The fact that Mr. Hunt had abandoned any intention to marry Ms. Worrod is further strengthened by the evidence of Bradley Hunt.  He accompanied his father on the ATV (off-road four-wheeled open vehicle) ride on the Saturday his father was injured.  He testified that when he arrived at the Novar home on the Friday evening he did not notice that anything belonging to Ms. Worrod was in the house.  He also agreed to resume working for his father the following Monday after his father assured him that “he would not be going back to her”
 In my view, the evidence overwhelmingly supports a finding that Mr. Hunt had not only made up his mind not to marry Ms. Worrod prior to the accident but also that he did not have the requisite mental capacity to marry Ms. Worrod following his accident.
 The consensus of opinion from the medical experts and witnesses, evidence which I note was uncontradicted by other medical experts, is that Mr. Hunt lacked the ability to understand the responsibilities or consequences arising from a marriage, and that he lacked the ability to manage his own property and personal affairs as a result of the injuries he sustained on June 18, 2011.
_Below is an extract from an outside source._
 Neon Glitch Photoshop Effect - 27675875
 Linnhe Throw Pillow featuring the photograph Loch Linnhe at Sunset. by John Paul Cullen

  As noted, the pre-release medical summary prepared by the Sudbury Hospital medical team stated that Mr. Hunt’s brain injury affected his ability to recognize his cognitive impairments and this impaired awareness made it difficult for him to experience fully what is happening around him as well as to infer consequences of events which may jeopardize his personal safety.

For the above reasons, I find that Mr. Hunt did not have the requisite capacity to marry Ms. Worrod on October 24, 2011.  He did not meet the testnamely that he understood the nature of the contract he was entering into and the responsibilities the contract created.  At the time, and up to the present, he remains incapable of managing his own affairs.  In the circumstances, I am declaring that the marriage is void ab initio. (doesn’t exist)

The judge’s order

For the above reasons, I find in favour of the applicants and accordingly I am issuing the following orders:

a)      an Order declaring that the marriage between Mr. Hunt and Ms. Worrod is void ab initio;

b)      an Order permanently prohibiting all contact between Mr. Hunt and Ms. Worrod, both direct and indirect, and including but not limited to telephone conversations, social media communications and communications through third parties.

c)      an Order enforcing the terms of the Property Settlement Agreement dated December 13, 2010;

d)      an Order vesting title to the Novar Property in the applicants names, in their capacity as Guardians of the Property and of the Person of Mr. Kim Hunt.  More specifically, the property which is the subject of this order is the property municipally known as 896 Whitney Road, Novar, POA 1R0 described as Parcel 11215, Section SS, Part Lot 5, Concession 5, Township of Perry. (PIN # 52166-0071)

e)      Since Ms. Worrod did not have a valid or equitable interest in the aforementioned property after December 16, 2010, an Order discharging any and all liens on the Novar Property by Legal Aid Ontario which were placed on the property after that date.

The judge’s decision was released on December 11, 2017.

I don’t know what the award of costs was but generally, the party that loses the case pays the costs of the party that won the case.